Abstract 607: Endothelin-1 Increases ß-Actin Expression During Osteochondrogenesis of Aortic Smooth Muscle Cells from Leptin-Deficient ob/ob Mice

Abstract

β-actin, a highly conserved gene/protein, which is usually not modulated by different stimuli, is routinely used to normalize target gene or protein expression in experimental biology, and so defined endogenous housekeeping gene. However, investigators showed that β-actin expression could change during cellular growth and differentiation.

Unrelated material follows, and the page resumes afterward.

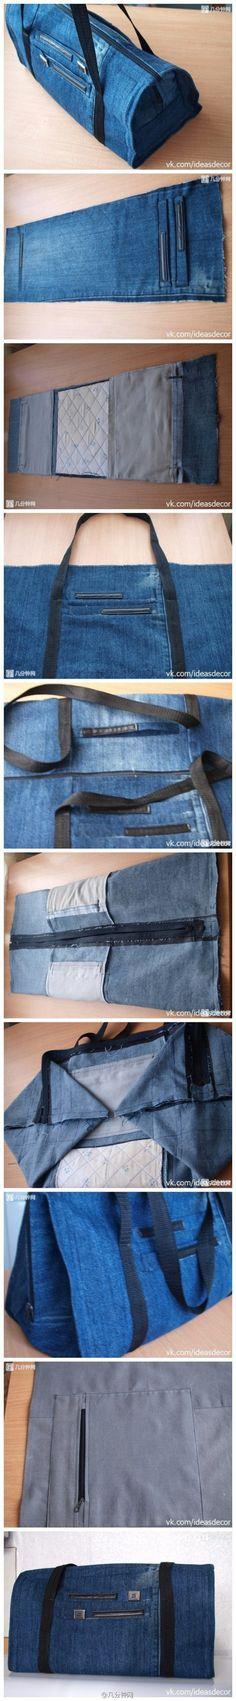 牛仔裤改造……_来自晴漪的图片分享-堆糖网
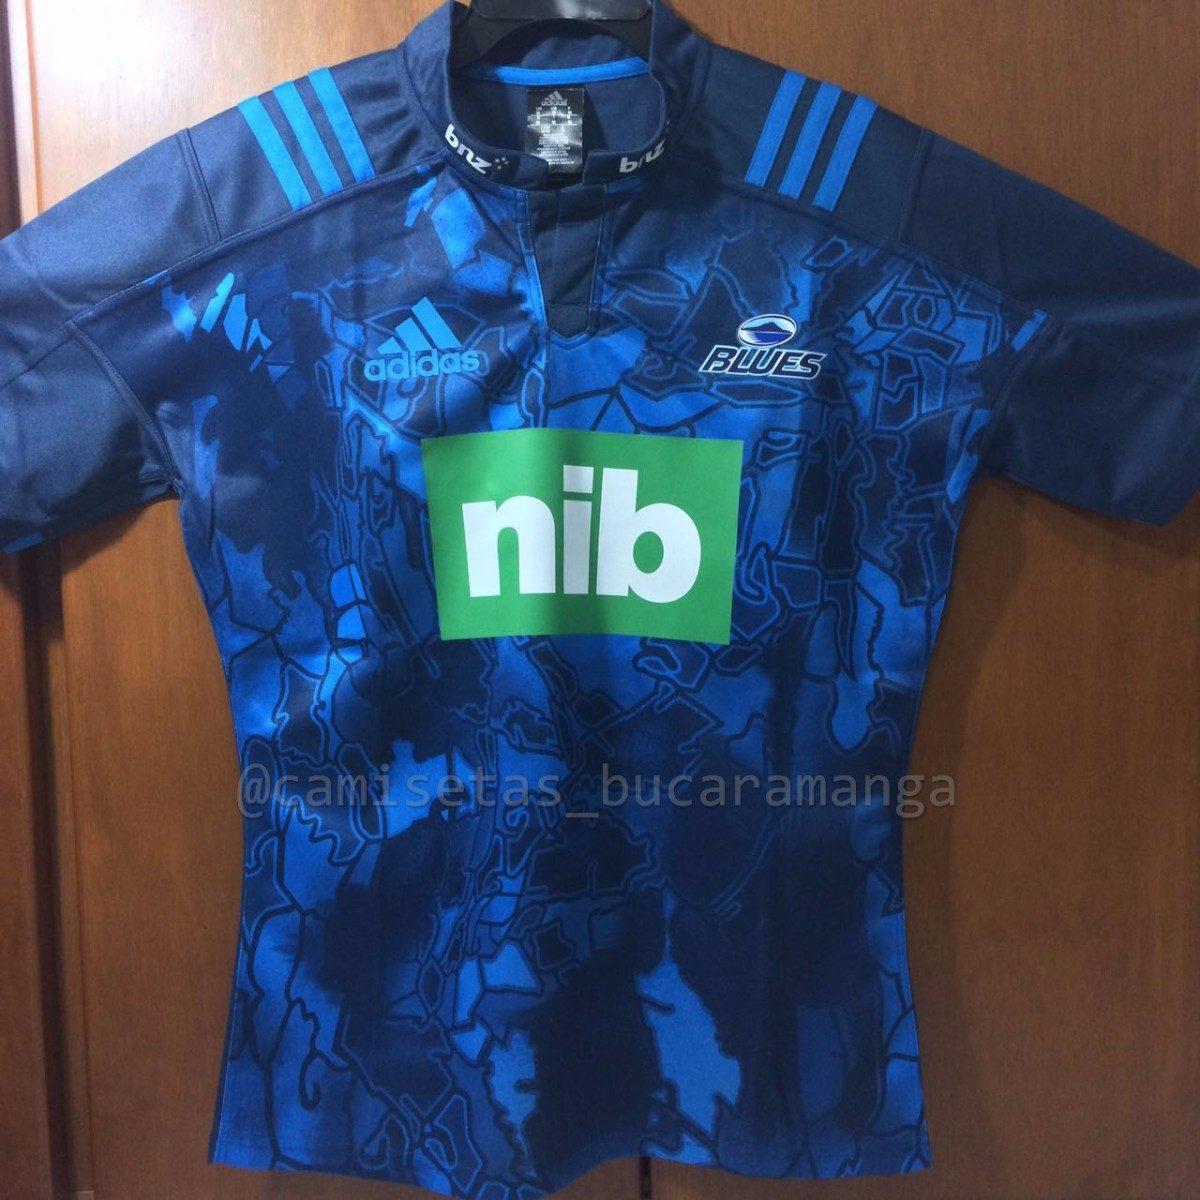 8d6f801588b16 Camisetas Rugby  Blues Y Mas (s-xxl) - Es Contacto -   1 en Mercado ...

We hypothesized that endothelin 1 (ET-1), a cellular proliferative agonist, increases β-actin expression and stimulates calcification in vascular smooth muscle cells (SMC) from obob mice. Primary aortic SMC passage 4-6 isolated from obese leptin-deficient (obob) and from C57BL/6 (C57) mice were incubated without (Cont) or with ET-1 50nM (ET) for 0-72h. Cell lysates were assessed for β-actin and RUNX2 expression by western blotting and normalized by GAPDH. ObobET SMC increased β-actin expression after 24h, 48h and 72h (1.68±0.06, 1.66±0.05, 1.73±0.06 respectively) vs obobCont (1.01±0.07), p<.05 n=6. However, C57ET did not change β-actin expression (0.91±0.06, 1.04±0.03, 0.99±0.08) after 24h, 48h and 72h respectively vs. C57Cont (0.95 ± 0.04), p=NS n=6. Concomitantly, obobET SMC increased osteochondrogenic differentiation, by modulating RUNX2 (1.23±0.03 vs obobCont 1±0.01, p<.05 n=3) after 48h, which did not occur in C57 (C57ET 1.07±0.07 vs C57Cont 1.02±0.11), p=NS. Furthermore, obobET increased calcification vs obobCont (1.69±0.025 vs 1.03±0.03) after 14 days p<.05, n=3 and C57ET did not calcify (0.97±0.02 vs C57Cont 1±0.05), p=NS. We showed that ET-1 modulates β-actin expression and osteochodrogenenic differentiation only in obob SMC, thus increasing calcification. In conclusion, β-actin is not a consistent endogenous control in ET-1-stimulated SMC from obob mice during osteochondrogenic differentiation.